◆ The task
Transcribe exactly the lines from the one containing "A Premium Dark Balsamic" through the end of the data, both included. Leave out pictures.

◆ Data segment
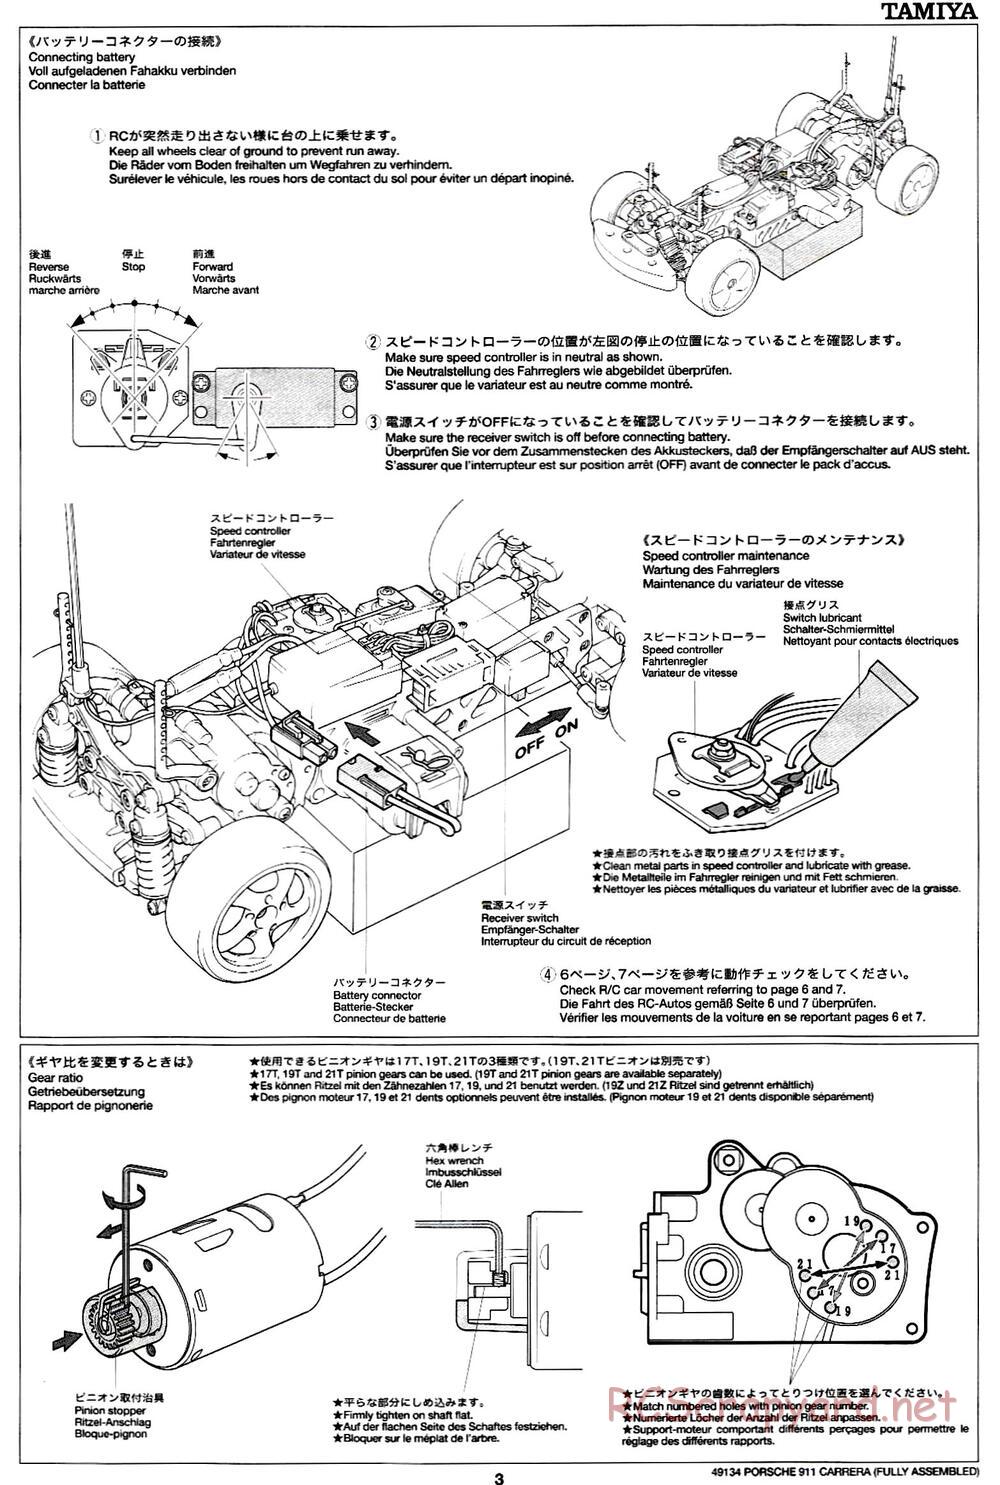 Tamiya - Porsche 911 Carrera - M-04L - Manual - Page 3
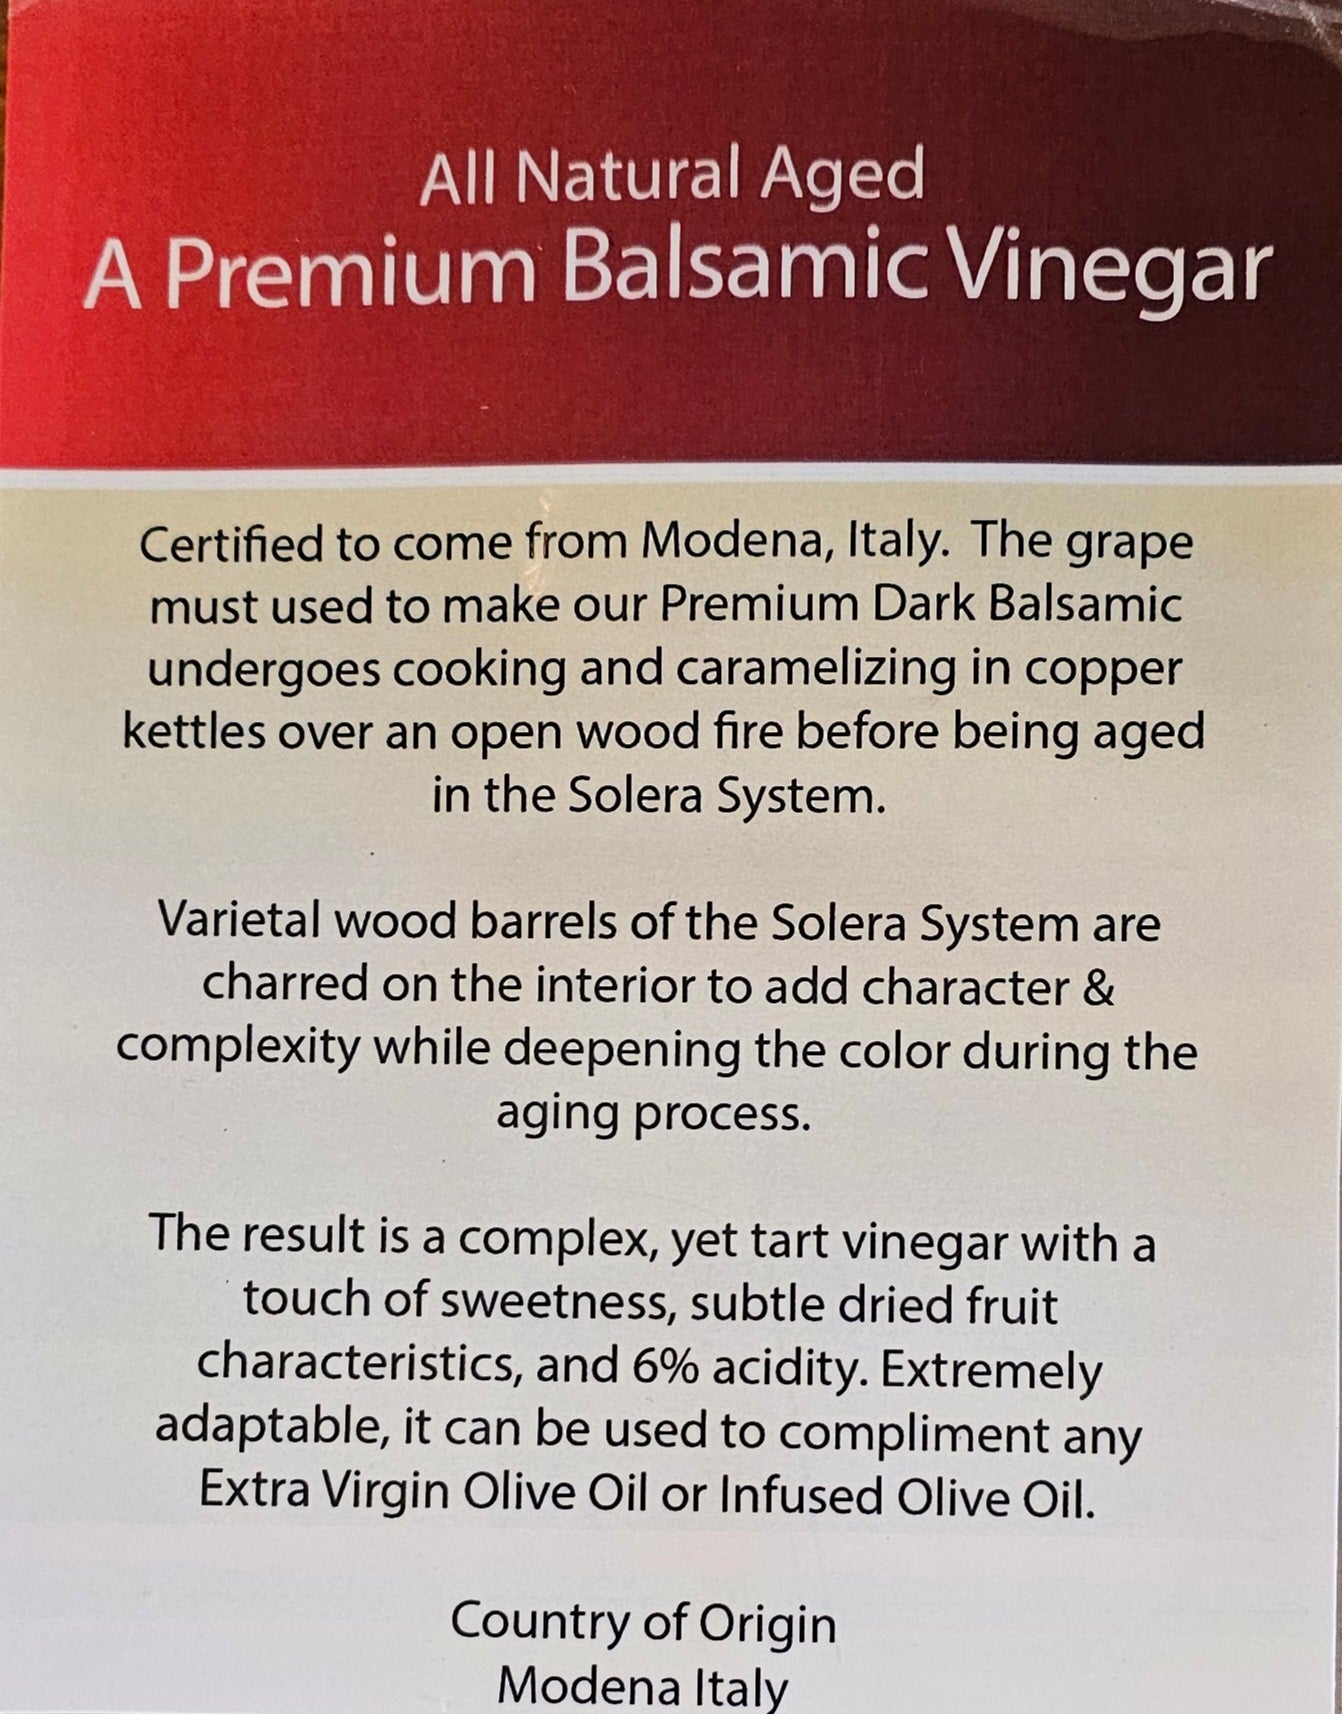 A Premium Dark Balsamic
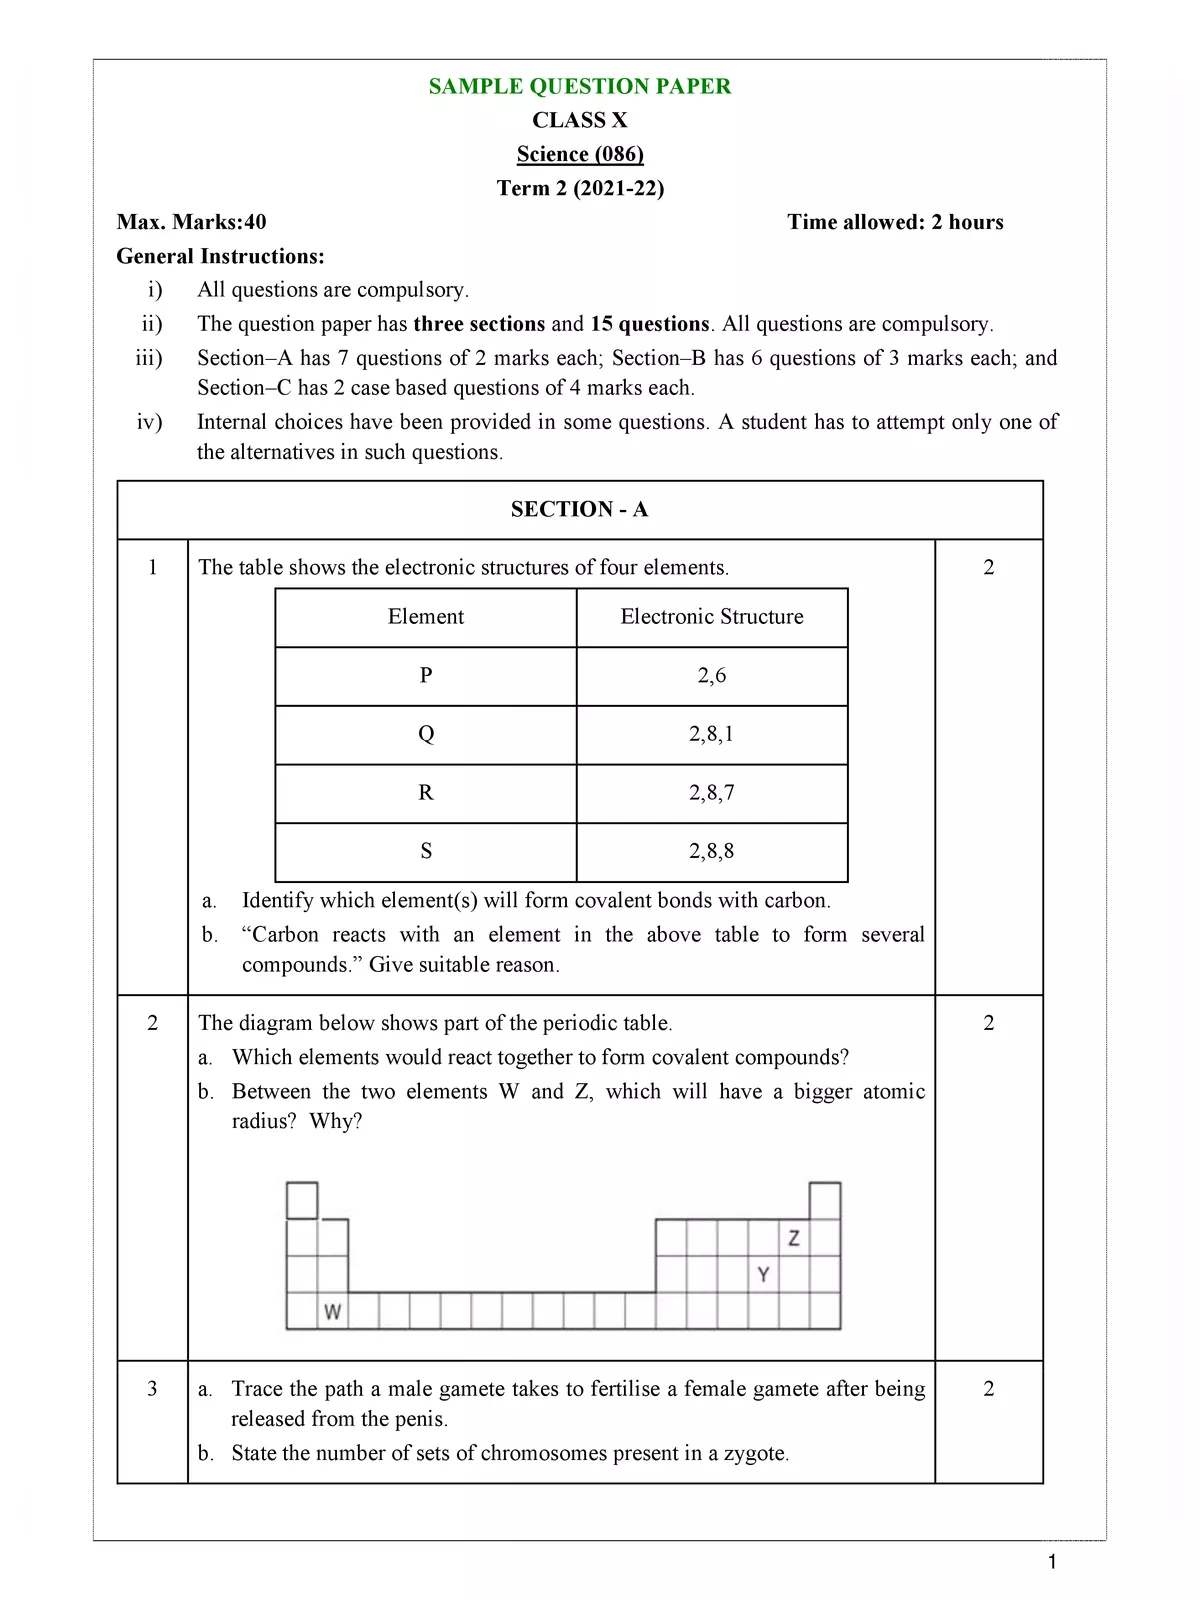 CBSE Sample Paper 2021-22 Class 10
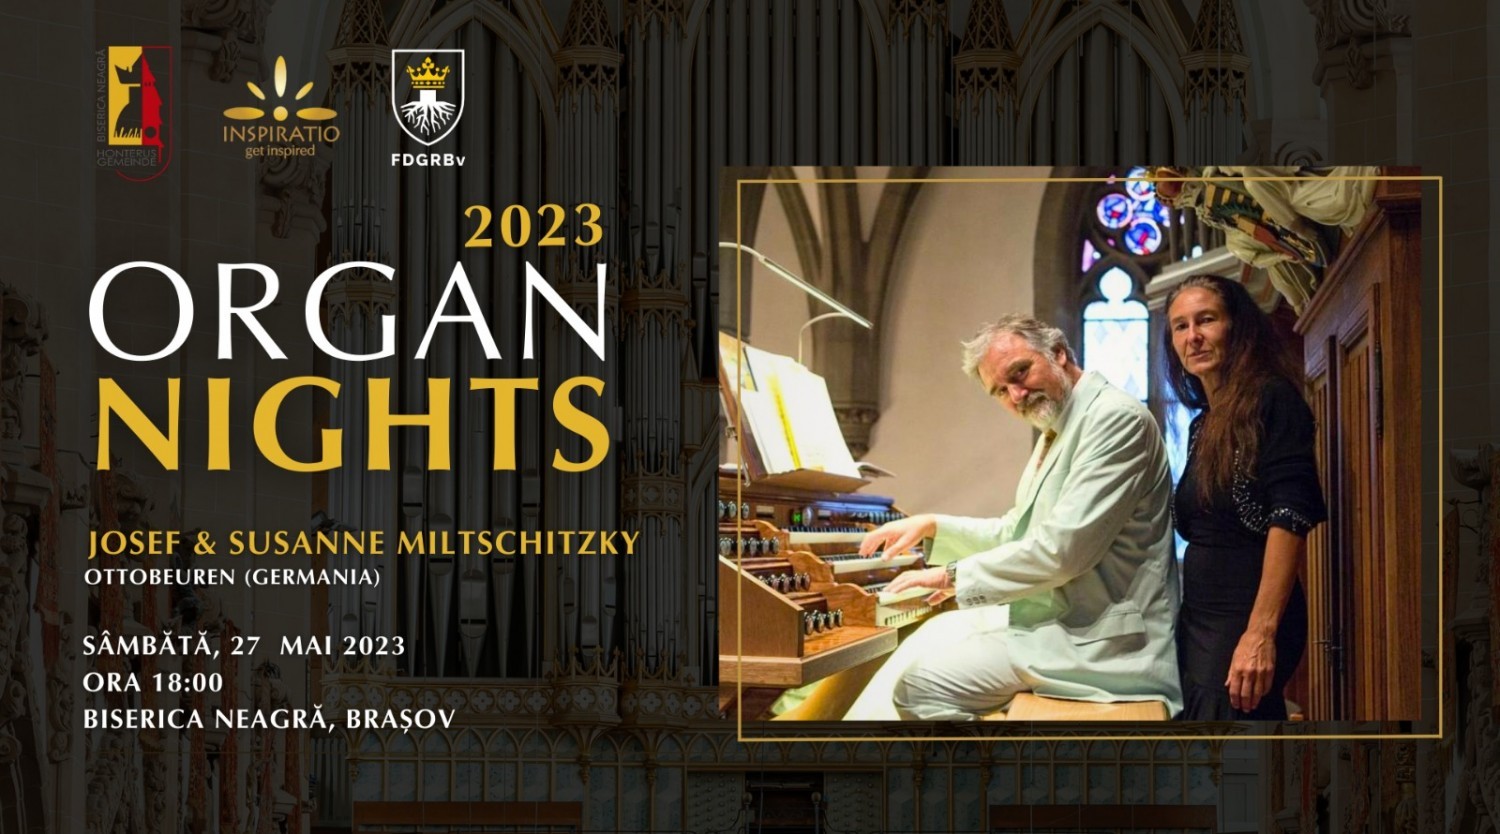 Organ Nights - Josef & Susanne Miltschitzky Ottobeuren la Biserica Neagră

◆ Response to this task
 A Premium Dark Balsamic
 CBSE Sample Paper 2021-22 Class 10
 Organ Nights - Josef & Susanne Miltschitzky Ottobeuren la Biserica Neagră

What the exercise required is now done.